В октябре дожди не закончились. Нищий у супермаркета погрузнел, посинел, стал грязен. Уже не просил вежливо, а, засучив штанину, показывал всем липовую рану на голени, закрытую грязной повязкой.
(Откуда столько нищих в городе развелось? Разных мастей и возрастов дети, какие-то инвалиды всех войн, в которых участвовала Россия; старушки, разыгрывающие шекспировские драмы прямо на улице, — особенно одна: скрюченная в три погибели, предварительно рассыпав мелочь на асфальте, она стучала своей клюкой по тротуару — будто бы потеряла деньги и не может их собрать. И так это горестно, что приходилось отдавать ей свои. Уже второй год на одном и том же месте. Действует безотказно.
Сколько же нужно платить милиции, чтобы они наконец перестали «доить» нищих и убрали их с улиц.)
В октябре мы часто бывали дома вместе из-за погоды, и я часами мог наблюдать, как она, лежа на диване, читает или сидит у компьютера, или готовит свои треклятые овощи, ощущал ее удивительную, как мне тогда казалось, еще не залапанную чувственность и чудо прикосновения к ней. В моем внутреннем «я» царил сумбур.
Мы потихоньку медленно поднимались к перевалу наших внезапных отношений, а там, за перевалом, надеялся я, лежала солнечная долина, а за ней новые вершины и долгий путь по искристому снегу к новым блистающим пикам.
Но уже из ущелий задувало, и снежные полки у вершин грозили обрушиться лавинами.

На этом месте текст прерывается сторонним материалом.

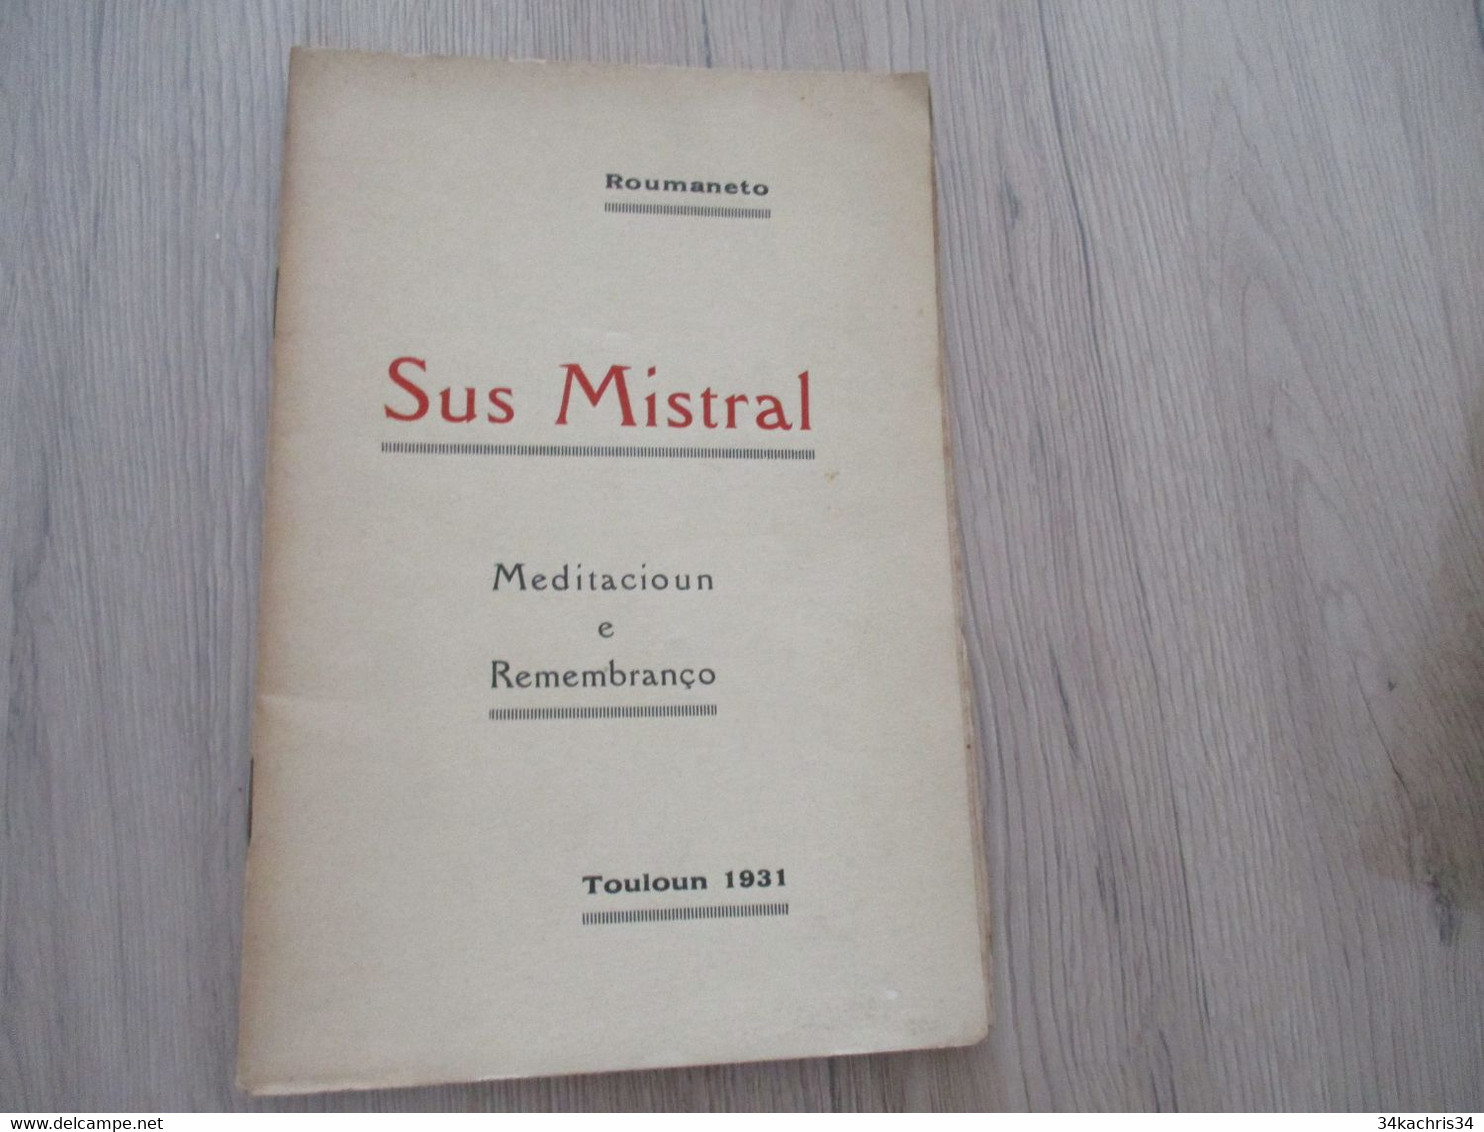 Provençal Félibrige  Mistral Roumaneto Envoi Autographe De L'auteur Sur Livre 1931 Sus Mistral Meditacioun Remembranço - Poetry

Погода переменилась — потемнело, повалил снег, пронизывающий холодный ветер дохнул с вершин… (метафора).
Как-то в Русском музее она вдруг пропала. Я поискал ее глазами, изумился, но вспомнил, что у нее часто болит живот, возможно, от препаратов для похудения, поэтому обеспокоился и поехал к ней домой. Открывает.
— Что случилось? Ты нездорова?
— Нет, просто взяла и ушла, — ответила она с вызовом. Я опешил.
— То есть как это просто?! Ты не могла мне сказать, что уходишь?! Чтобы я тебя «просто» не искал. Я что тебя к себе привязываю? Хочешь уйти — уходи! Но ты же не в ауле — сообщи: «Извините, я ухожу».
«Извини». Я повернулся и ушел.
На следующее утро она сидела перед моим кабинетом. Вошла вслед за мной и с кавказскими истерическими нотами и придыханием, не извиняясь, быстро произнесла примерно следующее: «Я все поняла! Ничего не говори! Я не могу слушать!»